For example, one psychic from Toronto who goes by Nikki offered the Toronto Sun a handful of predictions, including guesses that first lady Michelle Obama will have another baby; the Playboy mansion will burn down; and that a Washington politician will be exposed in a huge cheating scandal. She also said that 2011 will bring "a sense of togetherness."
Now, I'm no psychic, but having researched and studied psychic predictions for many years, I've picked up a few of their tricks and so in December 2009, I tried my hand at predicting the future. See for yourself; here are some of the events I correctly predicted for 2010.
1) A well-known comedian or comic actor will commit suicide .
Correct. Comedian Greg Giraldo, a judge on the reality show "Last Comic Standing," died on September 29 of a self-inflicted drug overdose. (It's still not clear if the death was an accidental or intentional suicide, but in either event Giraldo died by his own hand.)
2) A famine will break out in or near Eritrea, causing a call for global food aid.
Correct. In 2010 eight million people nearly starved in Niger, a country near Eritrea not known for famine.
3) The U.S. housing market will begin to recover by March, and the stock market will significantly improve by the end of 2010.

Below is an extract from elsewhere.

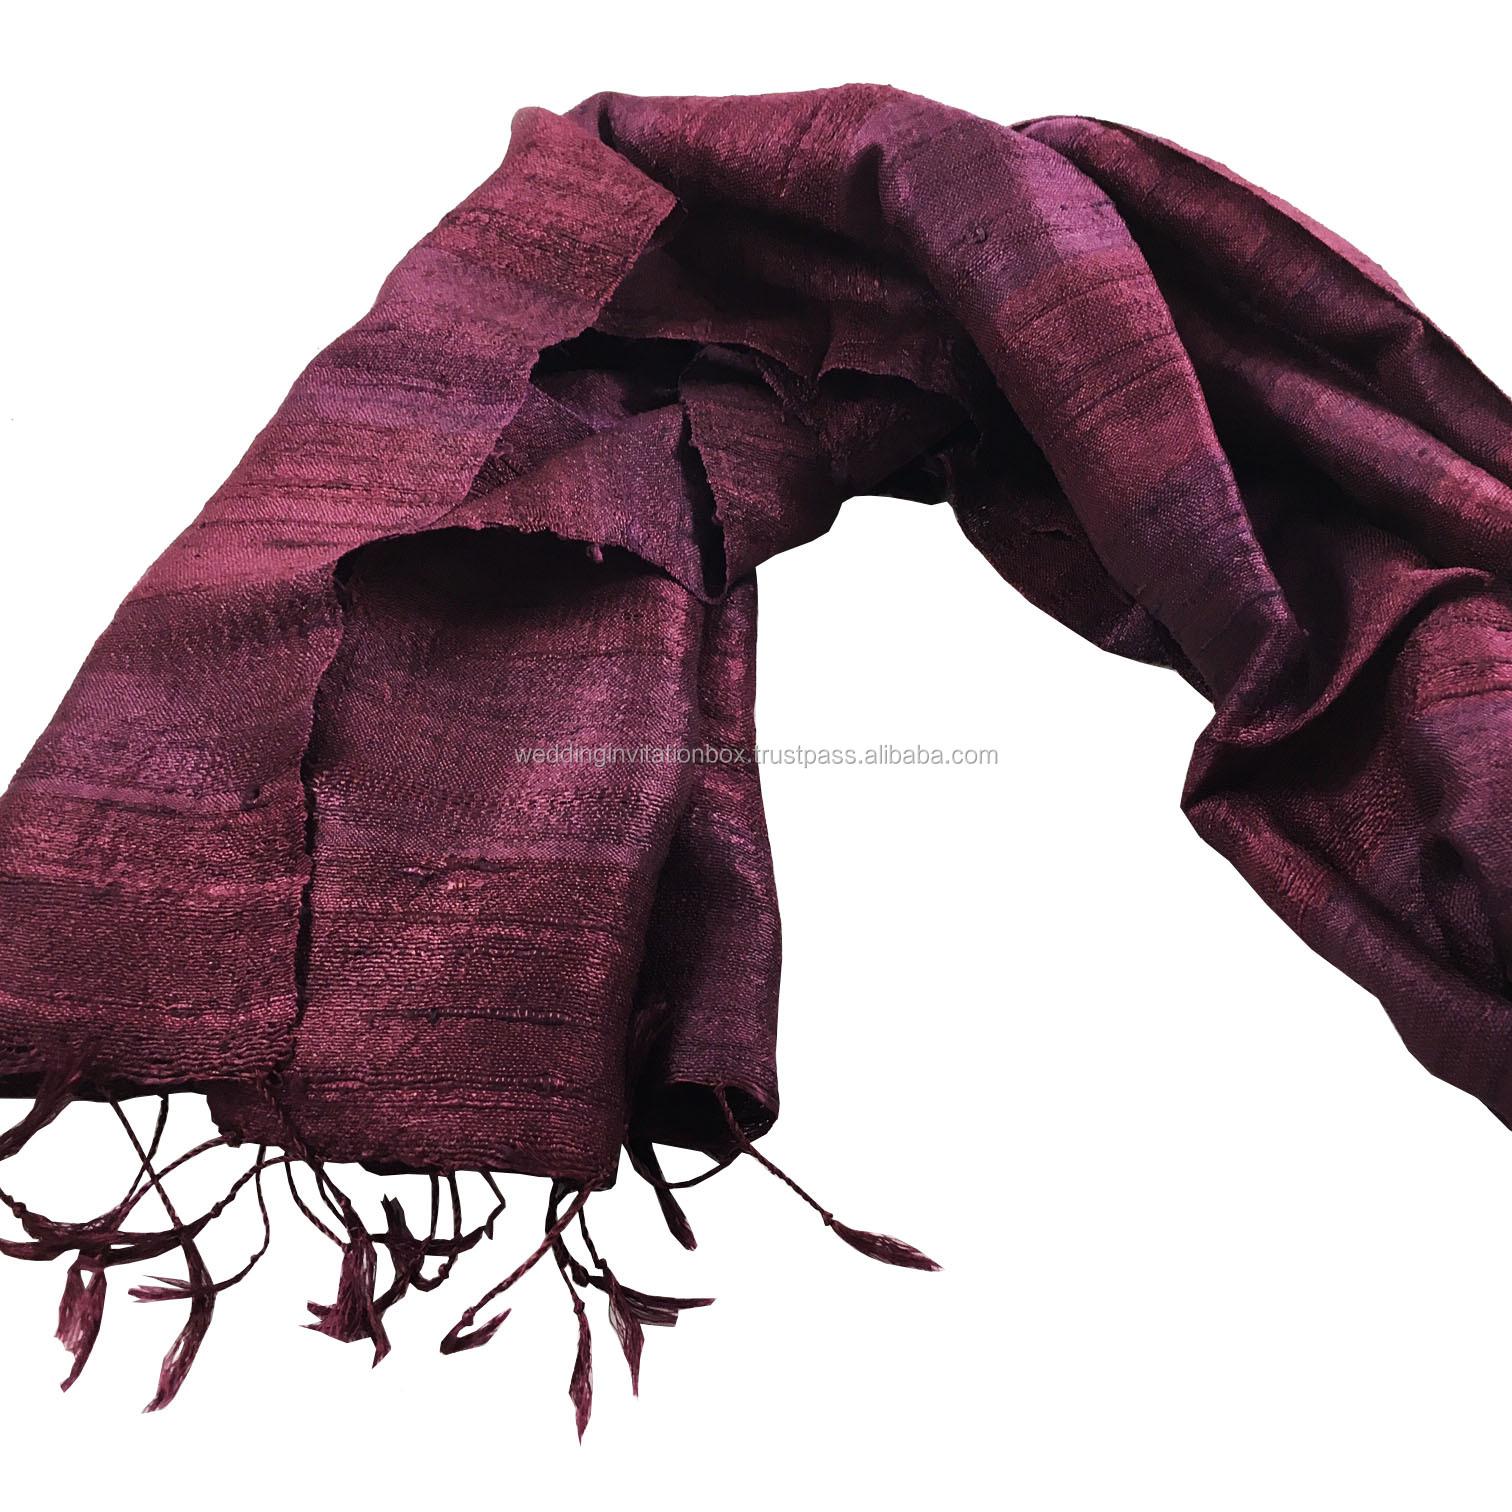 in vendita acquista l'originale piuttosto bella Thaoland Best Seller Tessuti A Mano Scialle Di Seta Tailandese - Buy  Sciarpe Di Seta,Scialli Di Moda,Scialli Di Lusso Product on Alibaba.com

Correct. The U.S. housing market experienced a significant (1.1 percent) rebound in March, and 2010 ended with stocks near a two-year high.
4) A senior government official will come under fire for sexist or racist comments, but will remain in office.
Correct: In January, Senate Democratic leader Harry Reid came under fire for racially insensitive remarks he made about President Barack Obama during his presidential campaign. Reid apologized and remained in office.
5) A former world leader and Nobel Peace Prize recipient will die.
Correct. Stephen Schneider, a Stanford University scientist who shared the 2007 Nobel Peace Prize, died on July 18; he was a world leader in climate change research, and advised every presidential administration from Nixon to Obama.
6) A famous athlete or performer will be forced to publicly admit that he fathered a child out of wedlock .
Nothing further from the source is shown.